Just got a phone call from Bill the Grill Guy and Gary Cline, wanted me to let everyone know they have made it to Lynchburg and are on their way to the competition tonight to spend some time with Chris Cappel from Dizzy Pig and Aaron from Dizzy Pig (North). Apparently there are a few other teams there they know and will call with a report tomorrow.

I'm sure whatever they do tonight alcohol will be involved.


----------



## wittdog (Oct 27, 2006)

Sounds like fun...


----------



## LarryWolfe (Oct 28, 2006)

Talked to Bill and Gary last night and they were 3 sheets to the wind.  Took them 10 hours to get there.  They were tore up!

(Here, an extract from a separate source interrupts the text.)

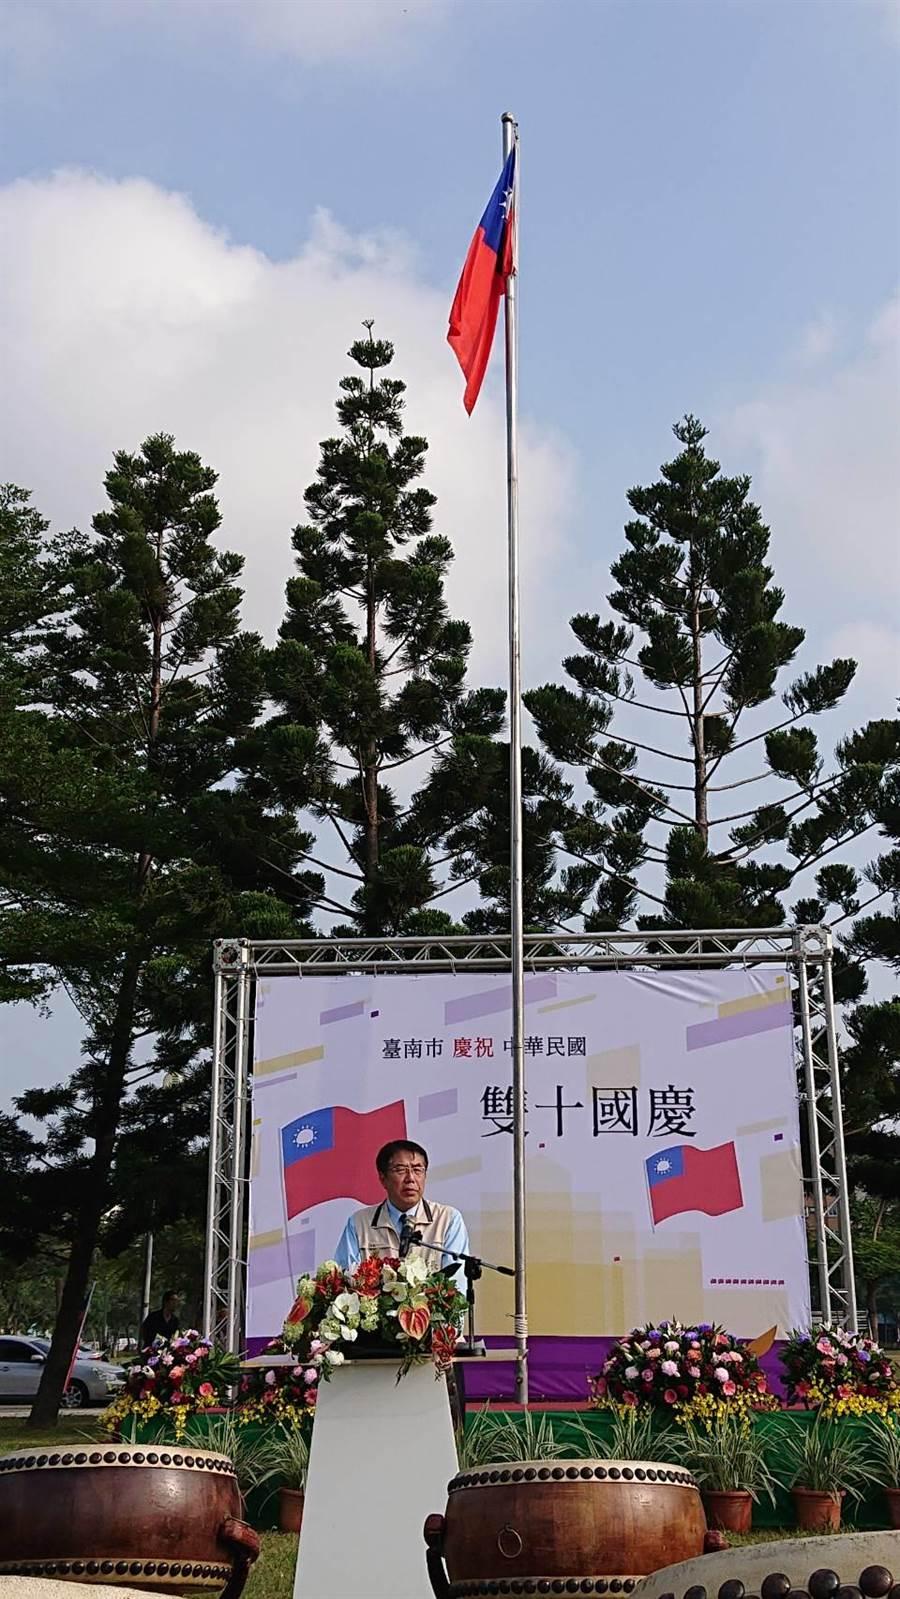 台南市長黃偉哲10日參加國慶升旗典禮。(程炳璋攝)

Talked to them again this morning.  They had a great warm night spooning together and were having breakfast at Shoneys.  Then they were headed to the Distillery for a tour and plenty of samples then to the cook site for the awards!


----------



## Puff1 (Oct 28, 2006)

Is "spooning" a new cook category?


----------



## Captain Morgan (Oct 28, 2006)

Talked to em this am as well..they were first in line at the distillery at
9 am!   I'm not sure they had sobered up from the night before!!


----------



## Puff1 (Oct 28, 2006)

Sounds like a pretty bad/fun trip for a drinkin' man


----------



## Bobberqer (Oct 29, 2006)

...


----------